● **Data**

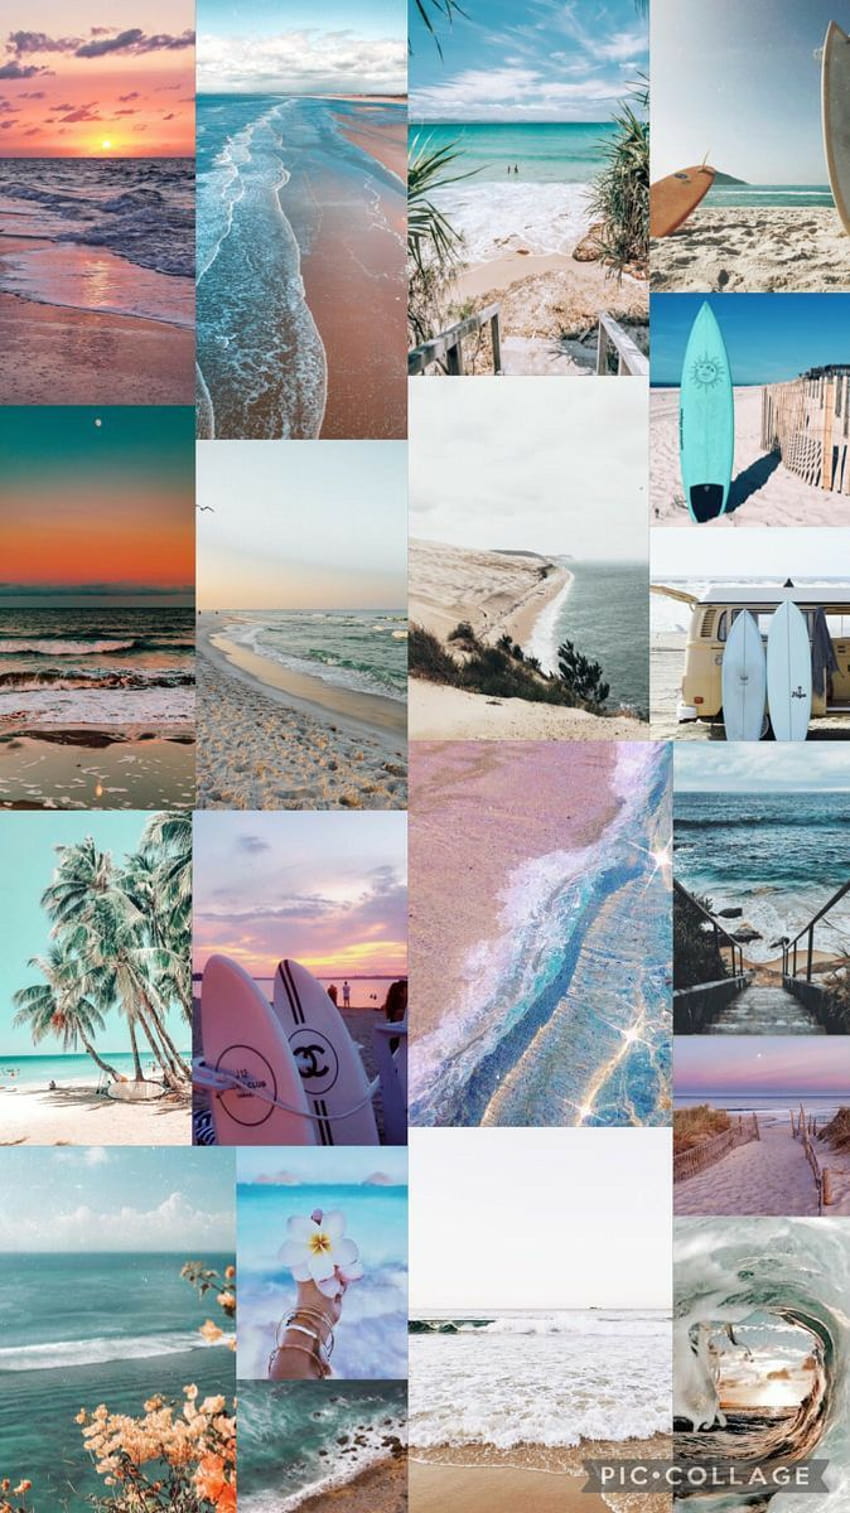 Beach Desktop Wallpaper Images  Free Photos PNG Stickers Wallpapers   Backgrounds  rawpixel
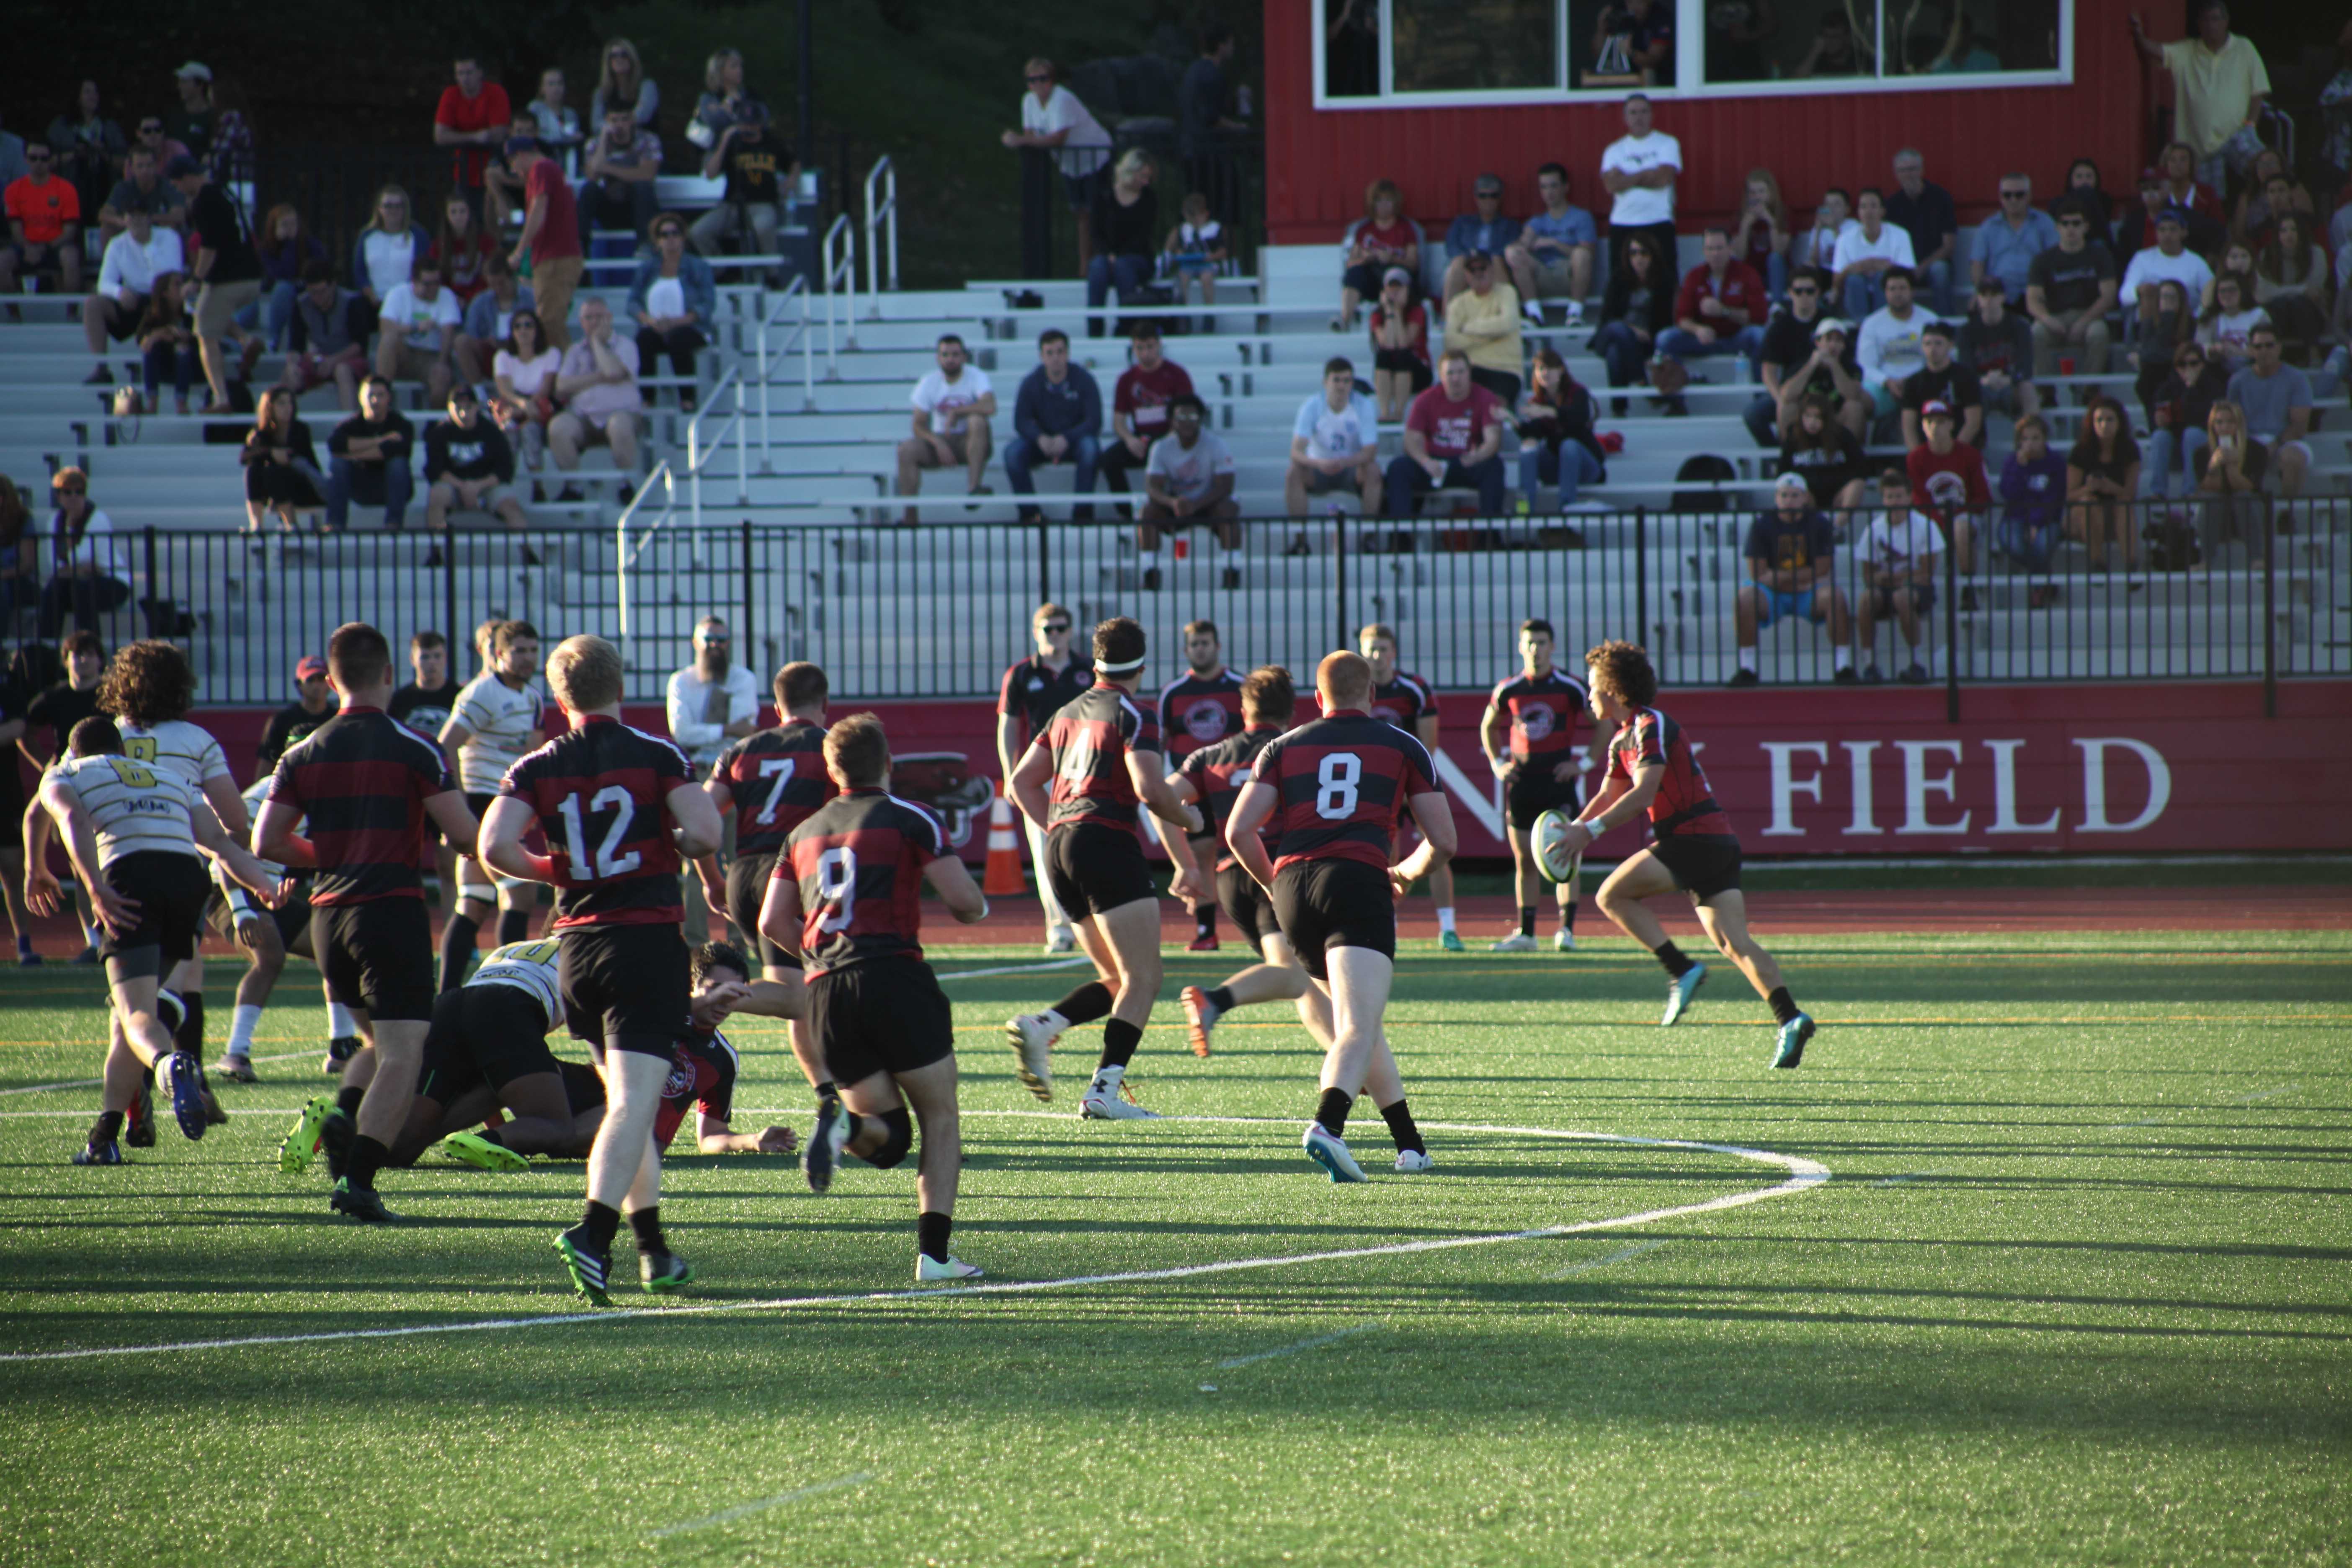 Men's rugby takes on Millersville University on Sept. 24 (Photo by Mariel Berger, '19)
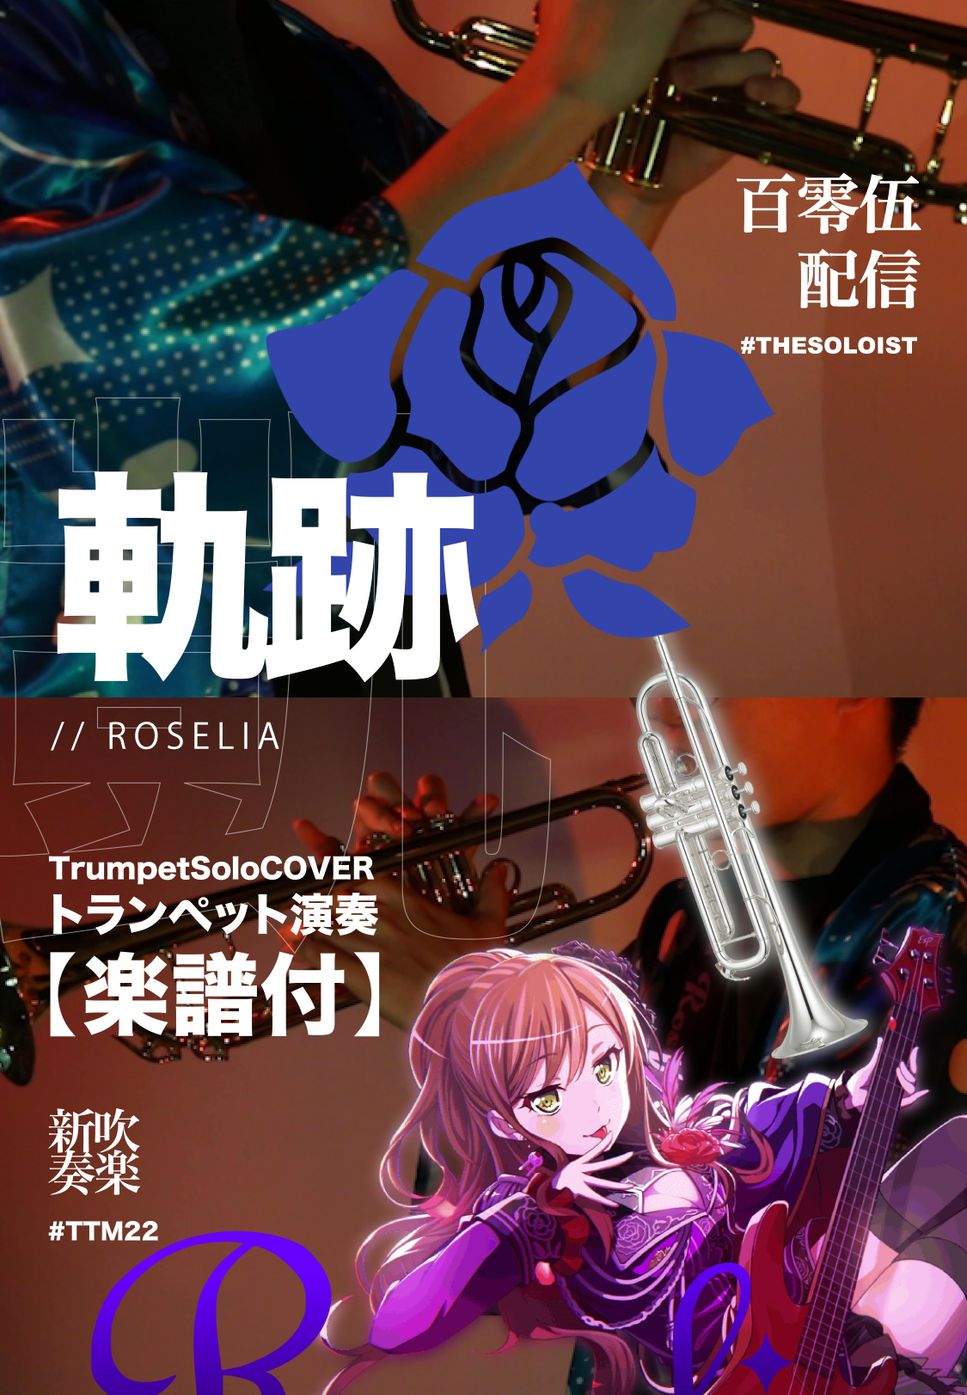 Roselia / bangdream - Oath (Trumpet solo Cover) by FungYip

● **Exercise goal**
Only the lines from the one with "Men's rugby takes" through the last line of the listing belong in your answer; copy them exactly and skip the pictures.

● **Final answer**
 Men's rugby takes on Millersville University on Sept. 24 (Photo by Mariel Berger, '19)
 Roselia / bangdream - Oath (Trumpet solo Cover) by FungYip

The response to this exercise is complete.